COLLECTED DATA:
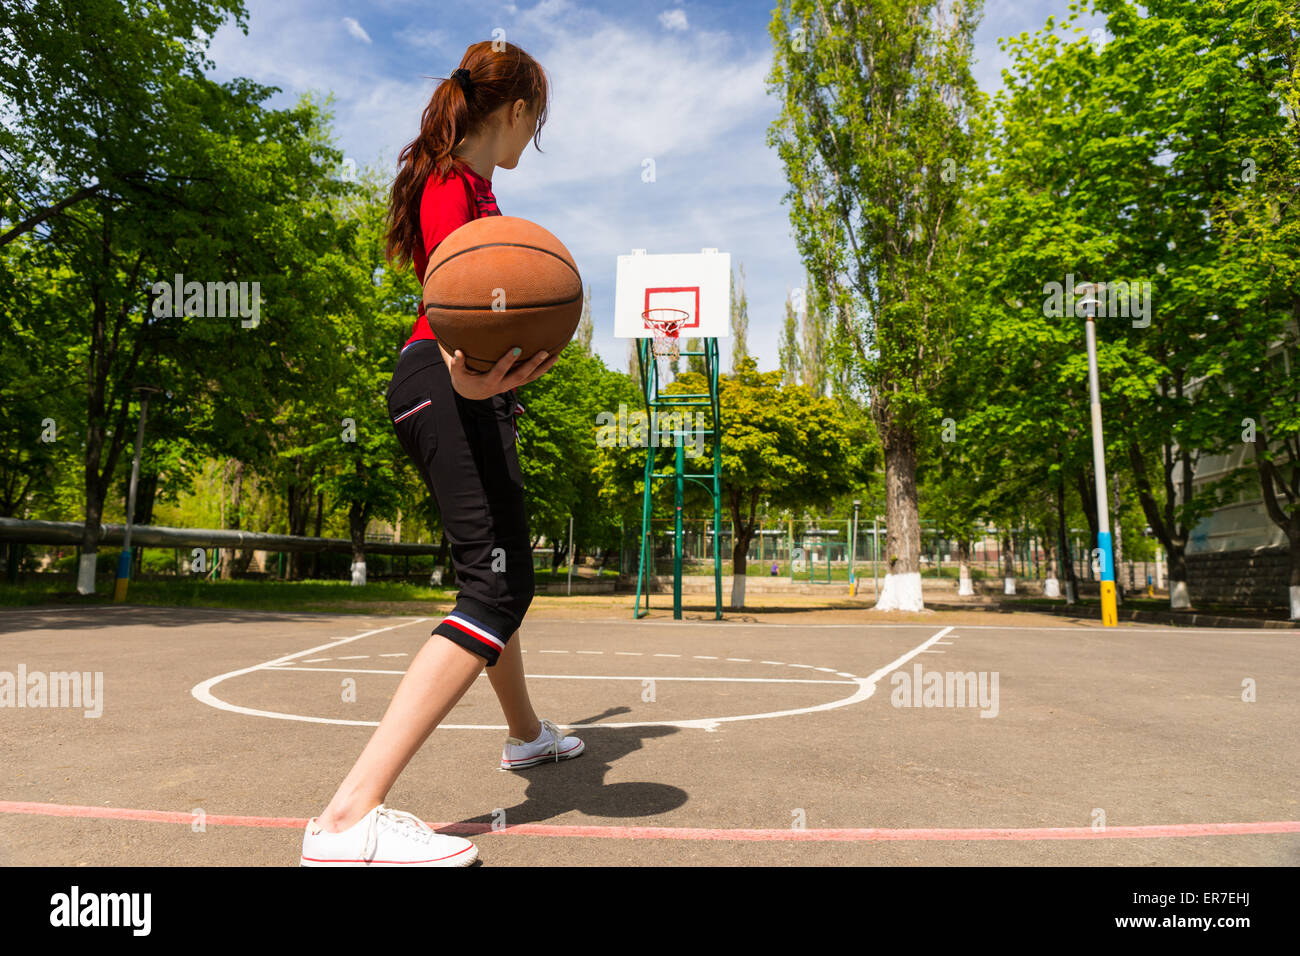 Vue arrière sur toute la longueur des jeunes Athletic Woman Holding Basket-ball, se préparant à jeter au panier Ballon libre du haut de la clé sur un terrain de basket-ball. Banque D'Images
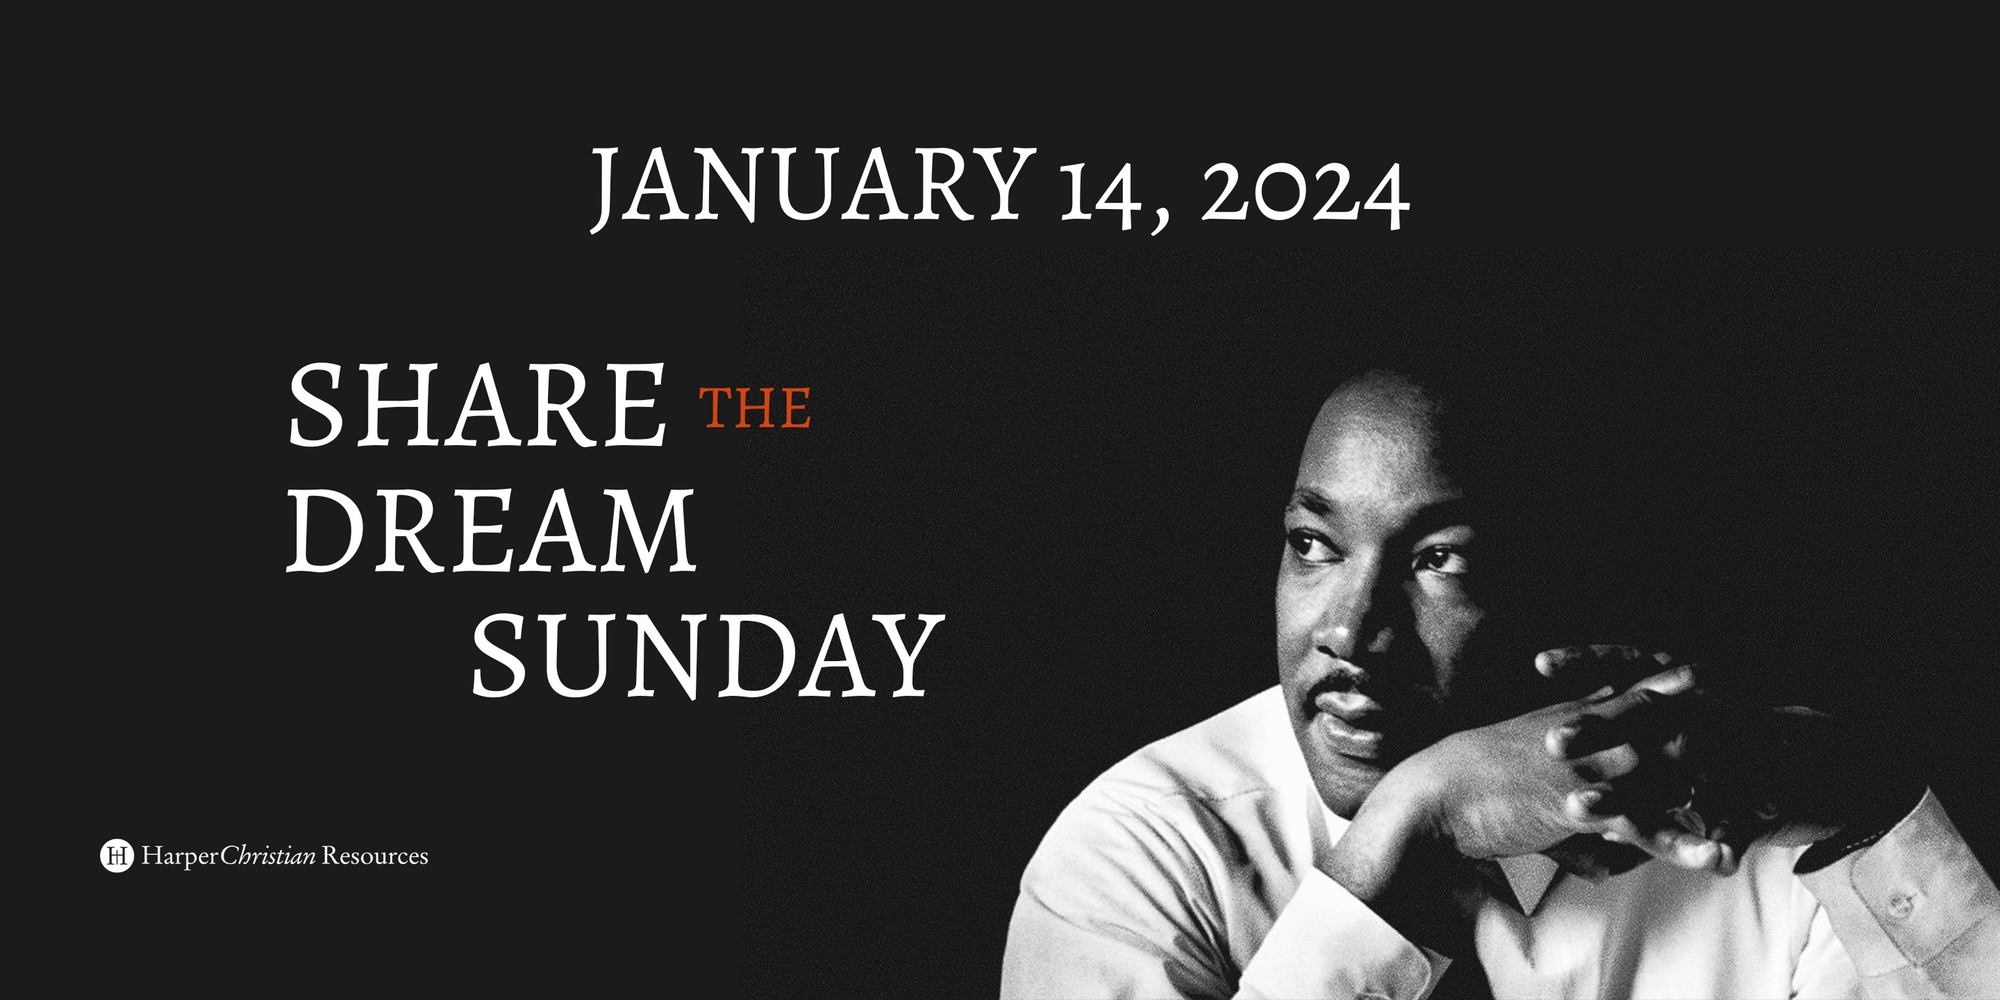 Share the Dream Sunday - January 14, 2024
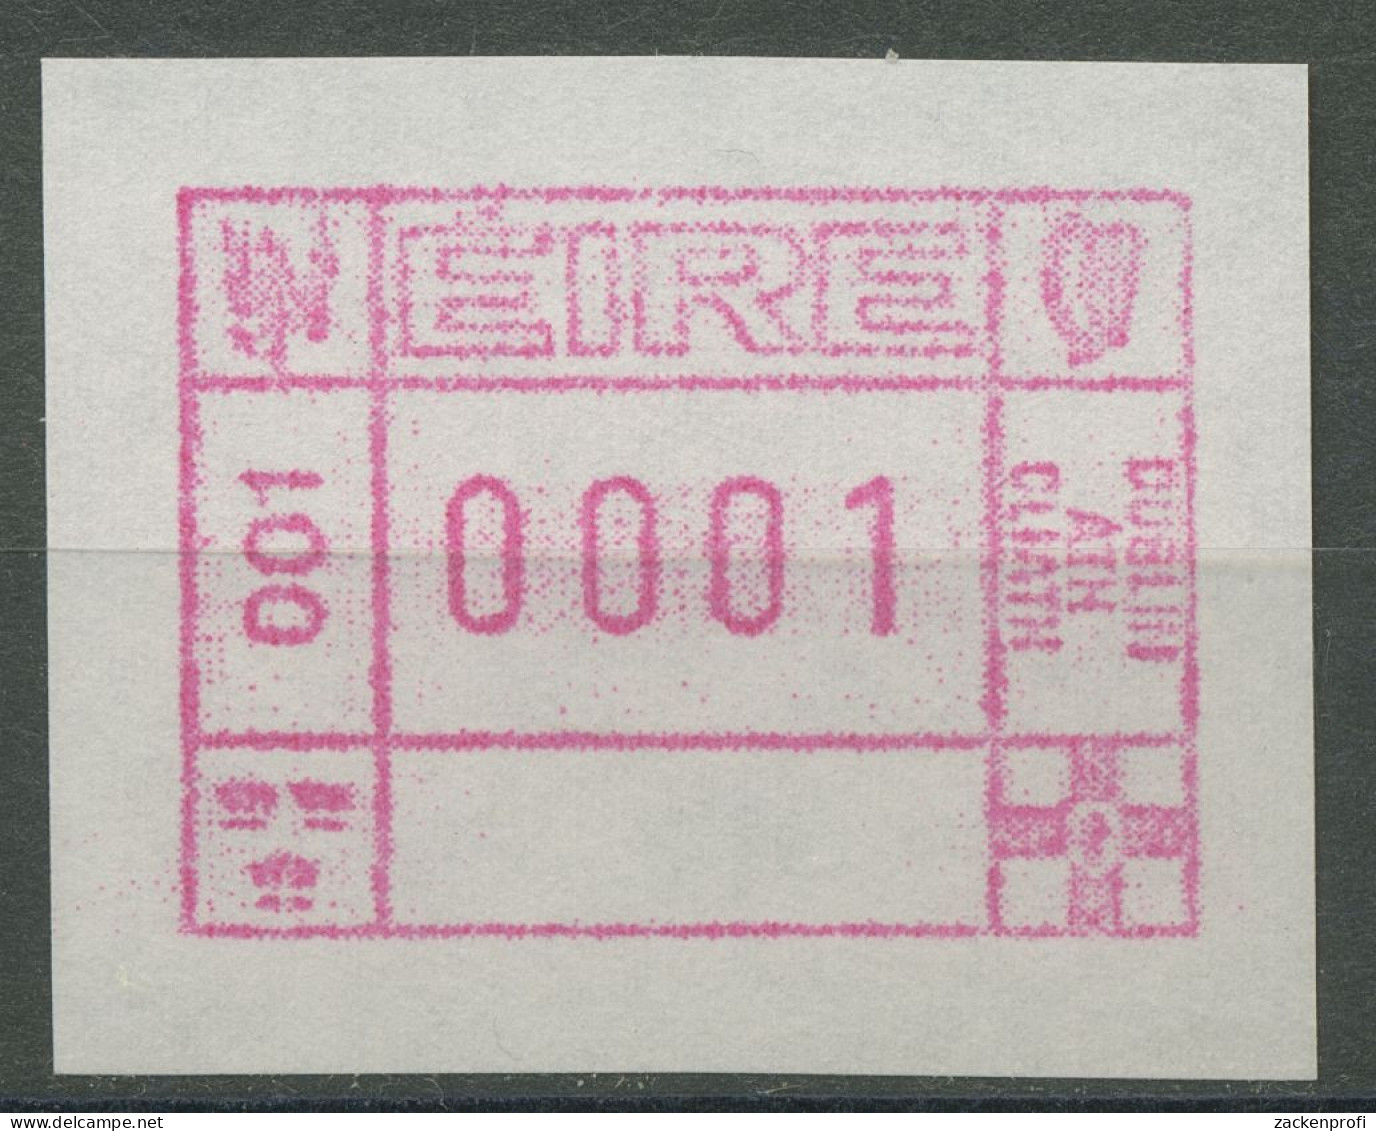 Irland Automatenmarken 1990 Freimarke Einzelwert ATM 1 Postfrisch - Vignettes D'affranchissement (Frama)

YOUR OBJECTIVE: Each line of the data should be printed again exactly. Please leave pictures out.

SOLUTION BELOW:
 Vue arrière sur toute la longueur des jeunes Athletic Woman Holding Basket-ball, se préparant à jeter au panier Ballon libre du haut de la clé sur un terrain de basket-ball. Banque D'Images
 Share the Dream Sunday - January 14, 2024
 Irland Automatenmarken 1990 Freimarke Einzelwert ATM 1 Postfrisch - Vignettes D'affranchissement (Frama)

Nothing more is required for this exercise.